64 Cal.App.5th 652
Cal. Ct. App.2021Background
- The Department of State Hospitals (Department) oversees competency restoration for defendants found incompetent to stand trial (IST) and must receive a Penal Code §1370 packet to place and admit such defendants.
- Between Sept. 2016 and May 2018, San Joaquin County courts found 37 unrelated defendants IST and ordered each committed to the Department and admitted within ~60 days after the packet was provided.
- The Department did not timely admit 31 of the 37 defendants; each defendant moved for monetary sanctions under Code of Civil Procedure §177.5 for violation of the court’s orders.

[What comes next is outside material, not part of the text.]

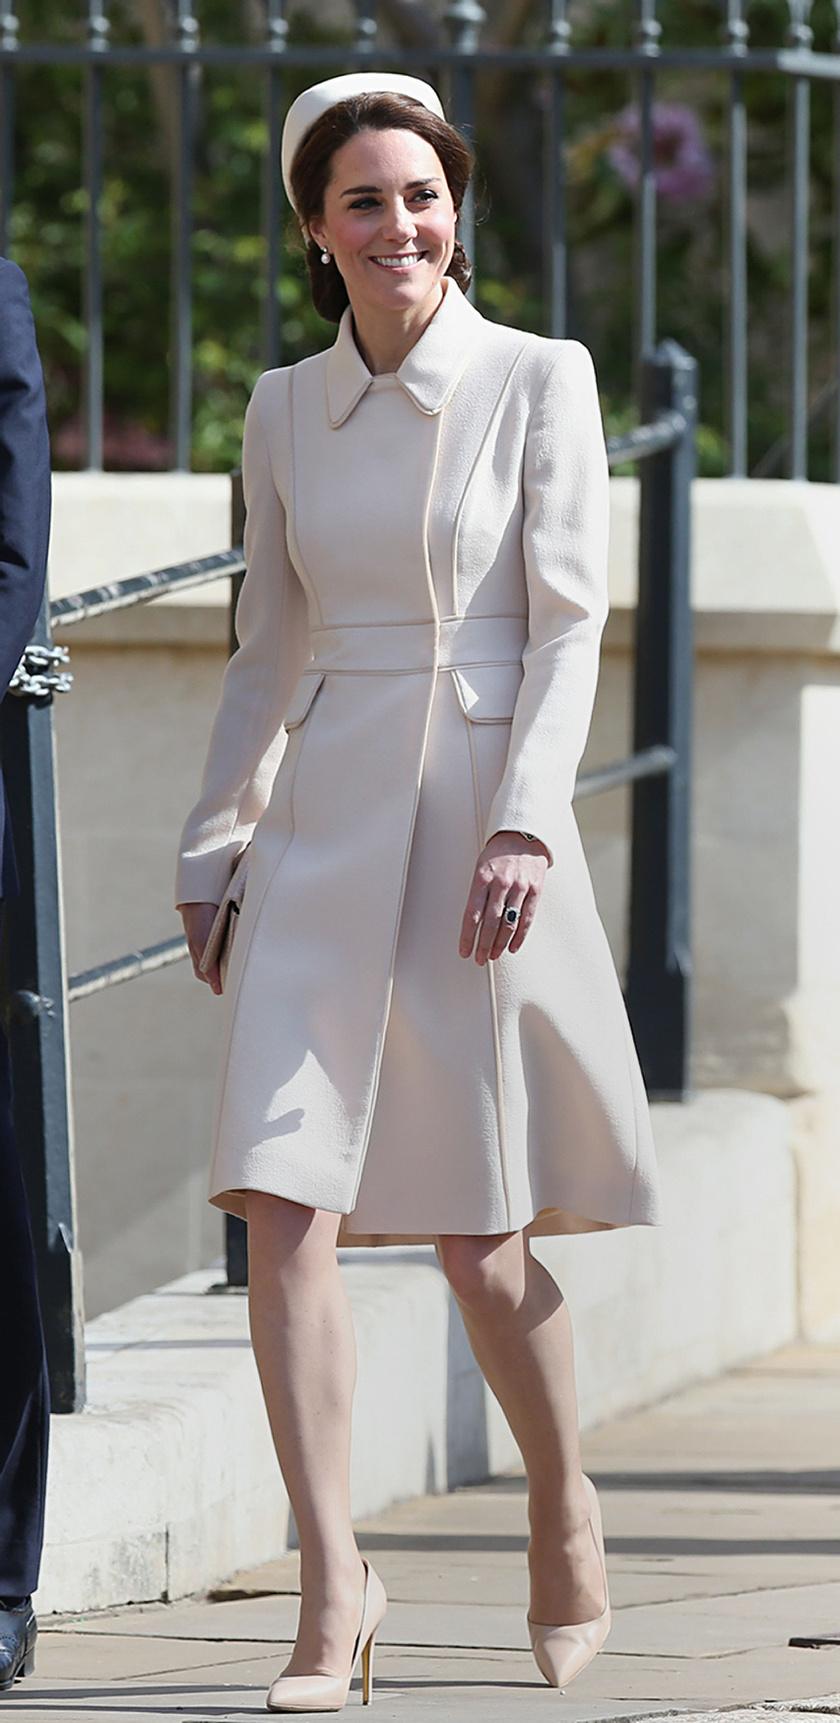 A hercegné ismét egyik kedvenc tervezőjétől választott: Catherine Walker tervezte a kabátruháját.

- The trial court concluded §177.5 authorizes sanctions against the Department (concluding it is a “person” directly involved in the proceedings), rejected the Department’s funding/bed‑space and remedial‑effort defenses, and imposed $34,000 in sanctions.

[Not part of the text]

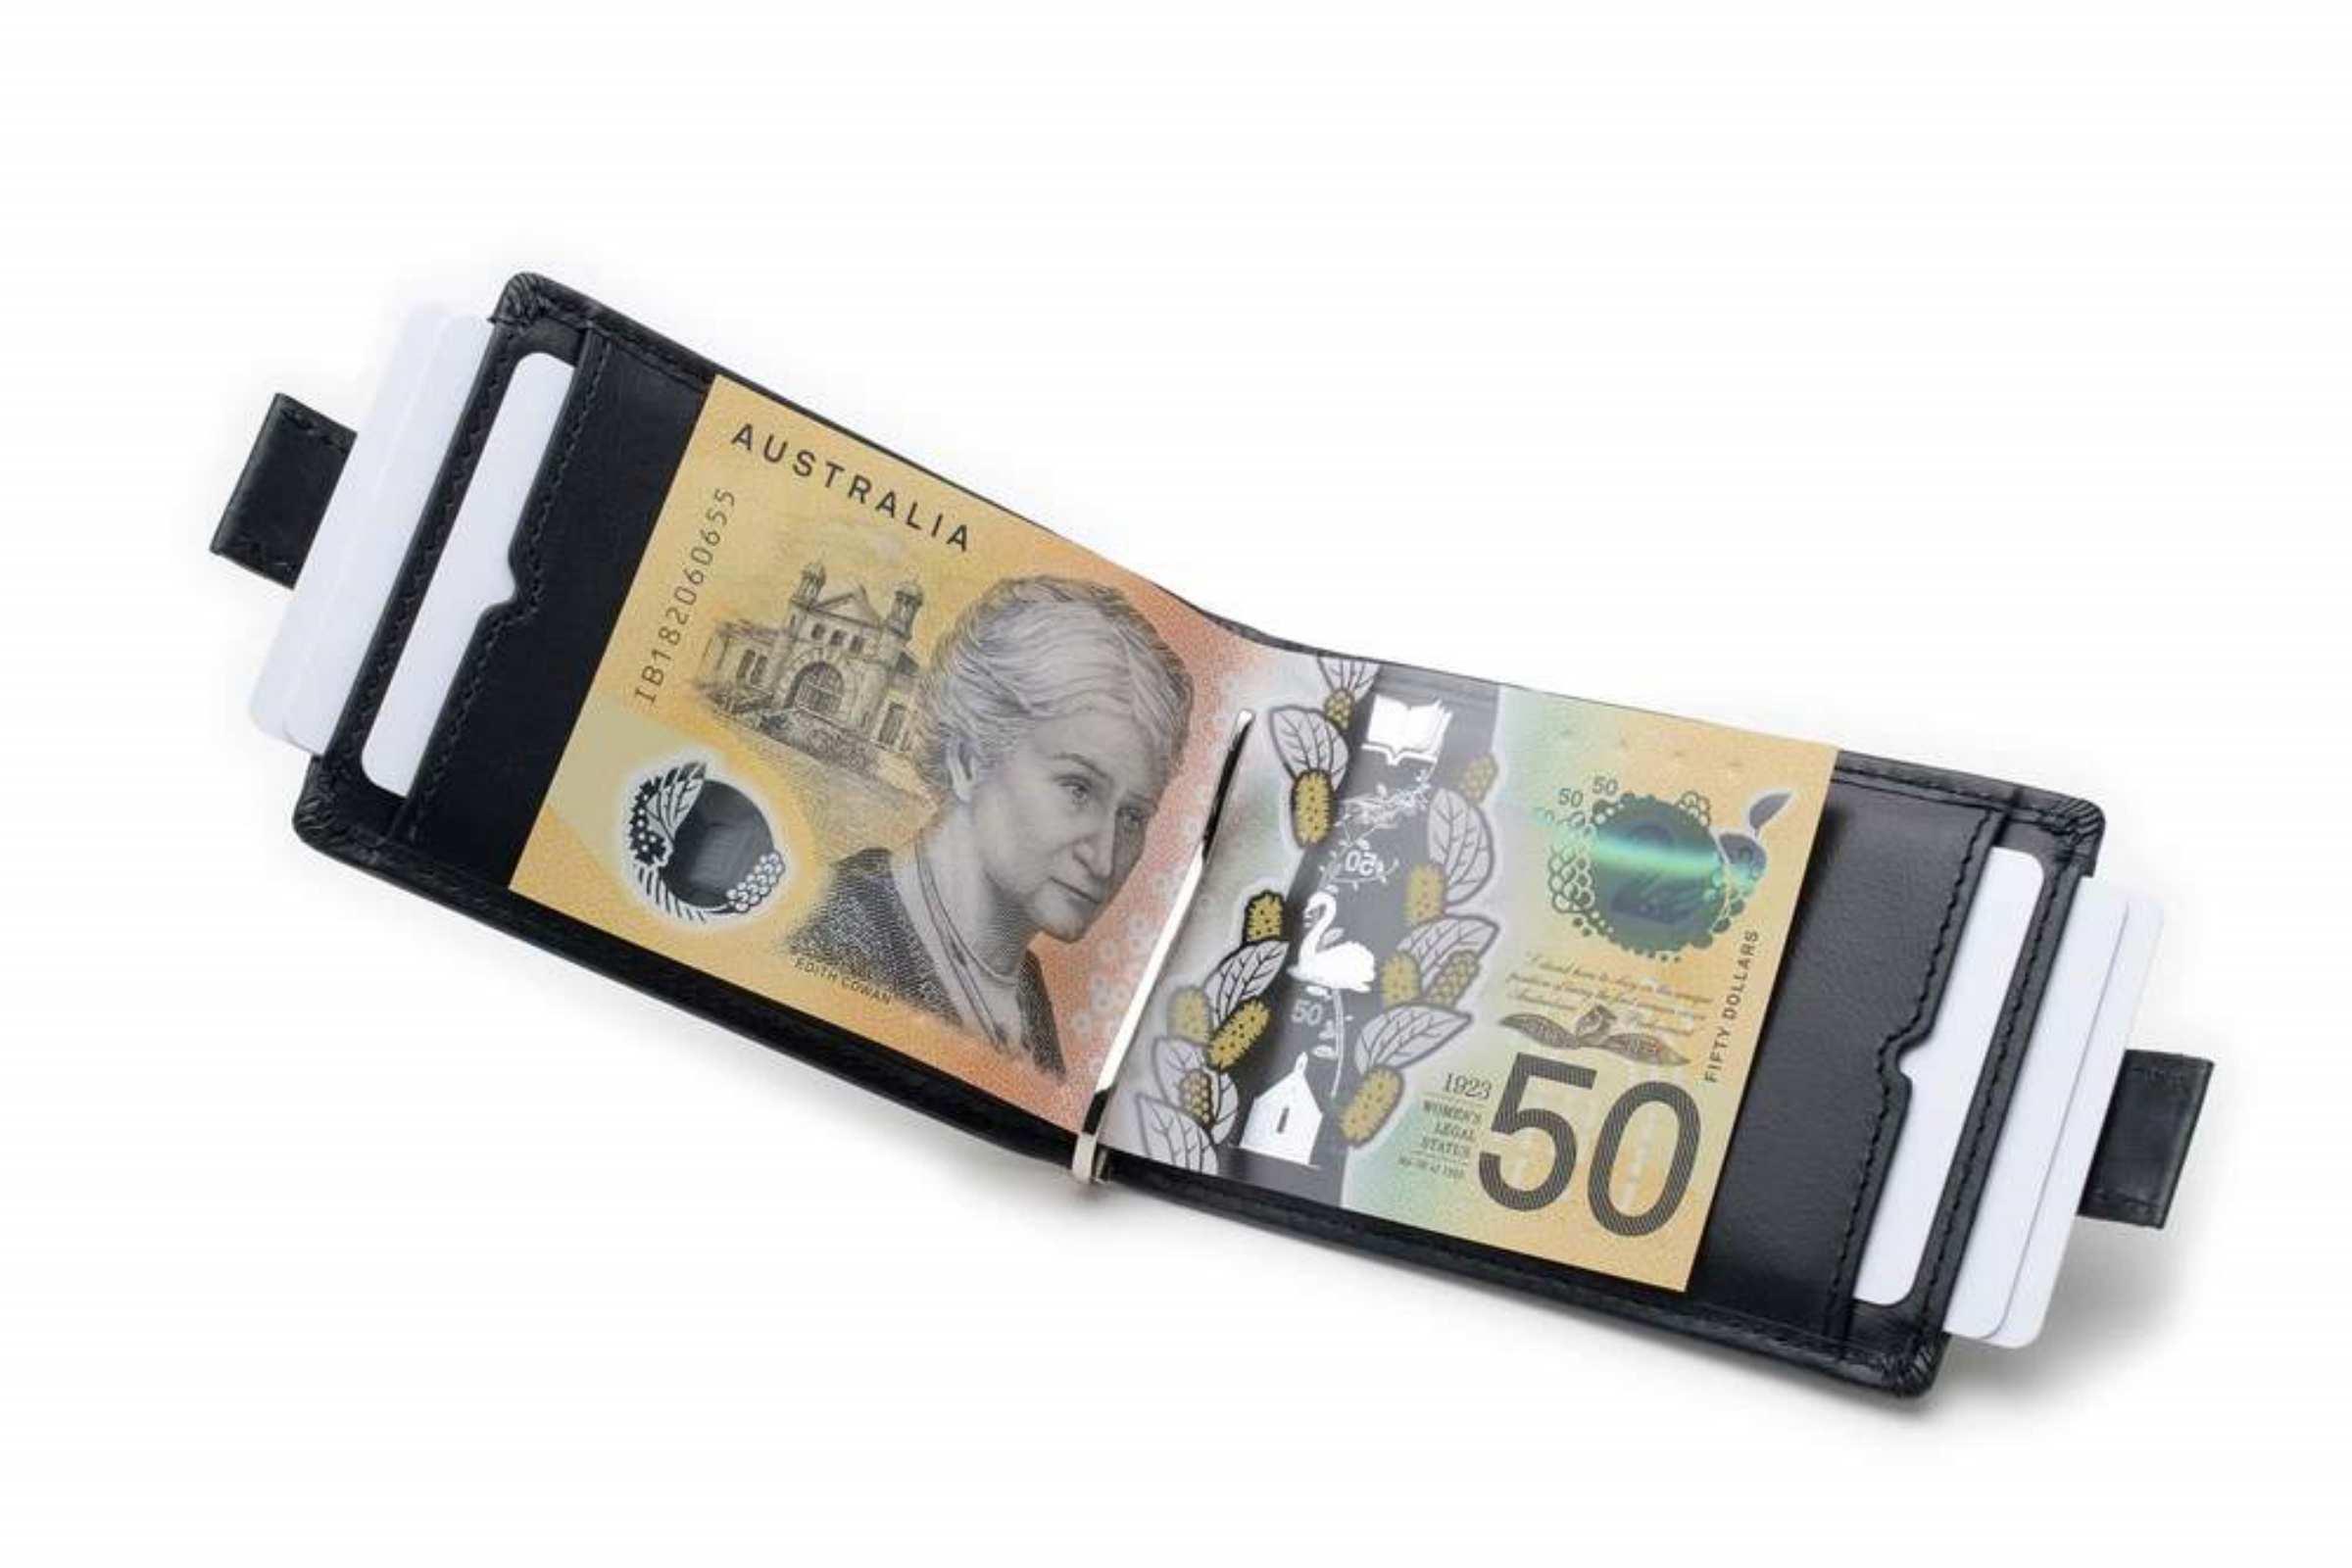 karakoram2 Slimline mens money clip leathe wallet Australia black RFID cardholder

- The Department appealed, arguing (1) §177.5 does not authorize sanctions against it because it is not a party/witness/attorney and (2) good cause/substantial justification excused noncompliance. The Court of Appeal affirmed.
Issues
| Issue | Plaintiff's Argument | Defendant's Argument | Held |
|---|---|---|---|
| Whether §177.5 authorizes monetary sanctions against the Department (a state agency not a party, counsel, or ordinary witness) | Department: §177.5 limits sanctions to the listed categories (witness, party, party’s attorney); Department is none of these so cannot be sanctioned. | Respondents: §177.5 uses "includes" and was meant to reach persons directly involved in proceedings; the Department’s statutory role makes it a person subject to sanctions. | Court: “Includes” is non‑exhaustive; §177.5 reaches persons directly involved in proceedings; in IST cases the Department is sufficiently like a party/witness to be sanctionable under §177.5. |
| Whether the Department had good cause or substantial justification for violating the court orders (bed shortages, funding, ongoing remediation efforts) | Department: Lack of beds/funding and ongoing, good‑faith efforts to expand capacity/efficiency constitute good cause/substantial justification. | Respondents: Chronic delays and repeated failures show no adequate justification; resource choices are state budget decisions and do not excuse noncompliance. | Court: Trial court did not abuse discretion; lack of resources was a state budgetary decision and the Department’s efforts did not cure the harm to individual defendants or justify repeated noncompliance. |
Key Cases Cited
- People v. Hooper, 40 Cal.App.5th 685 (Cal. Ct. App. 2019) (construed §177.5’s "includes" as non‑exhaustive and upheld sanctions against the Department in IST context)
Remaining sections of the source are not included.